Rapamycin is a natural compound and small molecule named after Rapa Nui, the native name for Easter Island. Rapamycin provided the stimulus for research studies on the mammalian target of rapamycin (mTOR) pathway that controls a range of biological processes. In cancer, this protein (mTOR) is frequently activated, leading to uncontrolled cell growth. Rapamycin inhibits mTOR thus it can reduce cell proliferation in cancer cells. However, due to the complexity of the mTOR signaling network, it can lead to different responses in different cell types.
When a disease and its associated antigens persist at high levels, like in cancer, T- cells can suffer from T cell exhaustion, which is regulated by mTOR. Exhausted T cells (Tex) have a sustained expression of inhibitory receptors. T-cell exhaustion is a complicated process involving many factors including altered cell function, upregulation of receptors, changes in transcription factors, metabolic changes, and loss of the ability to enter a quiescent state to form memory T cells, along with many others that have yet to be identified.

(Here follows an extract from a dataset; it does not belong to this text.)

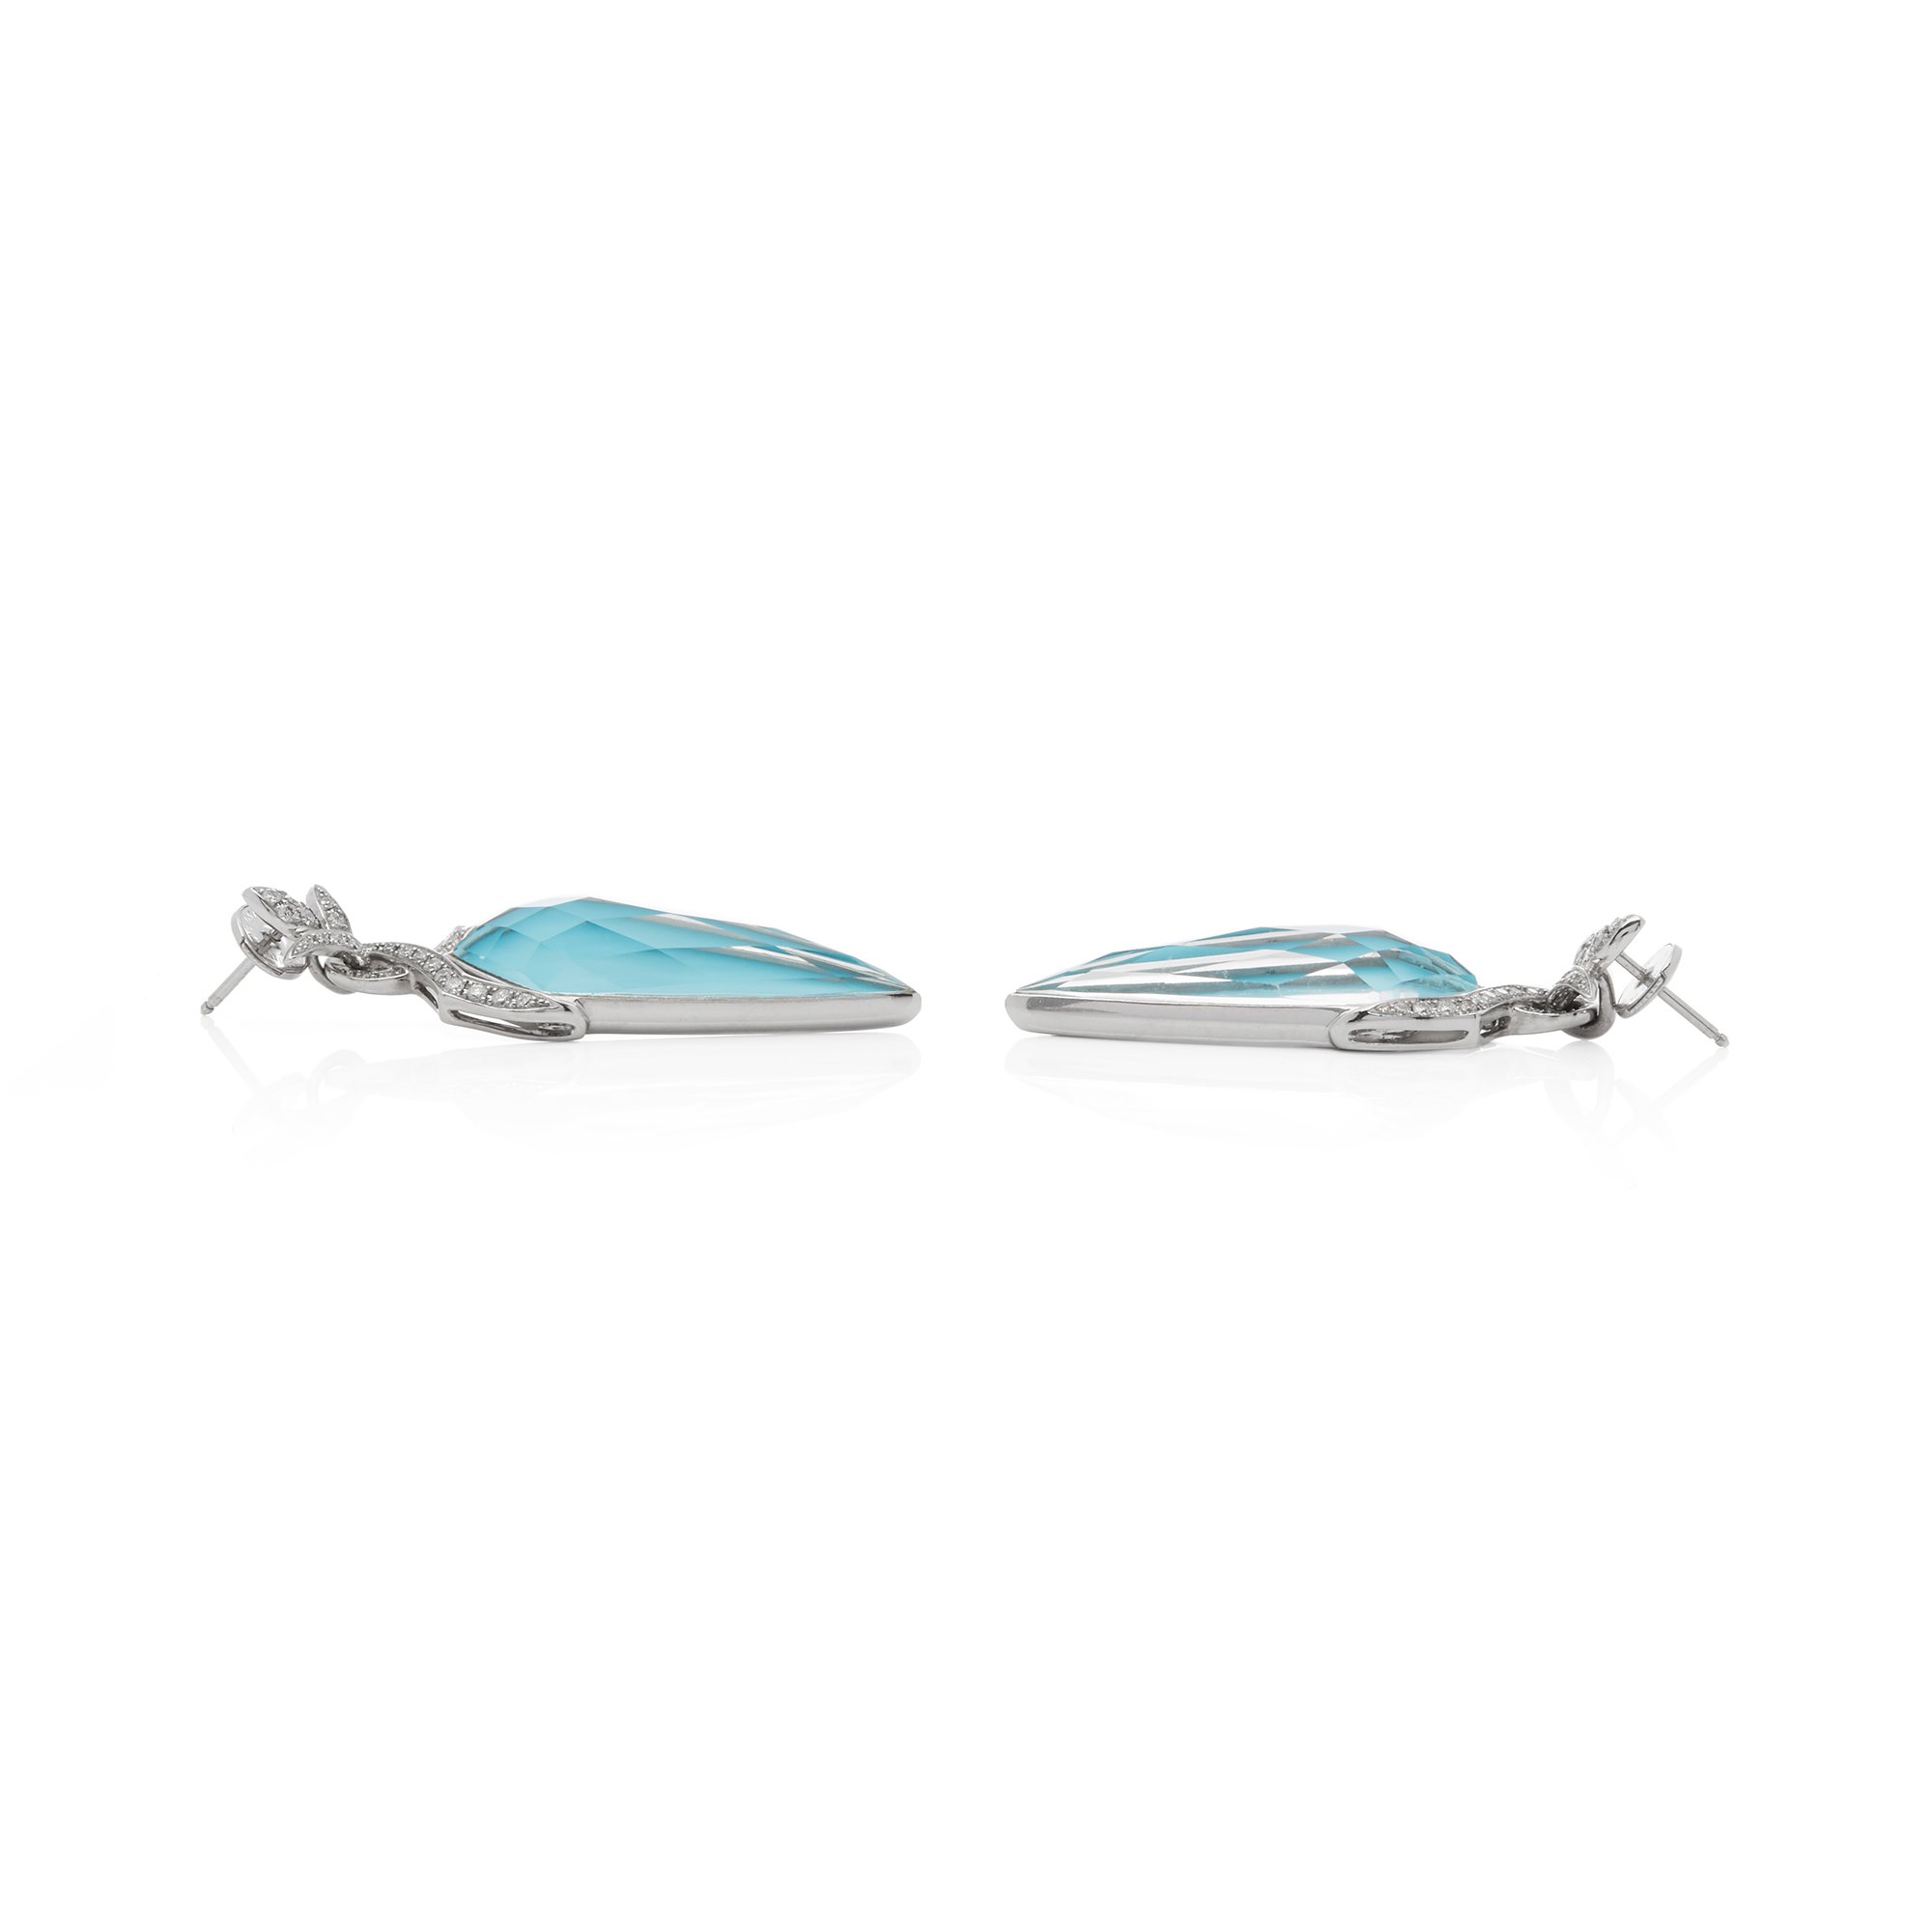 Stephen Webster Crystal Haze 18ct White Gold Turquoise Quartz and Diamond Earrings

T-cell exhaustion is also a concern for Chimeric antigen receptor (CAR) T cell therapies. In this state, the cells lose their ability to target and kill cancer cells, effectively acquiring a state of hypo-responsiveness, which limits their effector function. In this capacity, Rapamycin has been shown to decrease the expression of exhaustion markers, and upregulate genes related to cell memory and survival.
Due to its role in cancer, mTOR has become a target and mTOR inhibitors like Rapamycin are being reviewed as potential anti-cancer agents.
Future discoveries may shed more light on mTOR signaling, mTOR inhibitors, and the role of Rapamycin for cancer research and CAR-T cell technologies.
References
Bulliard Y et al (2023) Reprogramming T cell differentiation and exhaustion in CAR-T cell therapy. J Hematol Oncol 16:108 Link
Chen Y et al (2023) Regulation of CD8+ T memory and exhaustion by the mTOR signals. Cell Mol Immunol 20: 1023–1039 (2023) Link
Yin X, He L, Guo Z (2023) T-cell exhaustion in CAR-T-cell therapy and strategies to overcome it. Immunology. 169(4):400-411. doi: 10.1111/imm.13642. Epub 2023 Mar 20. PMID: 36942414. Link.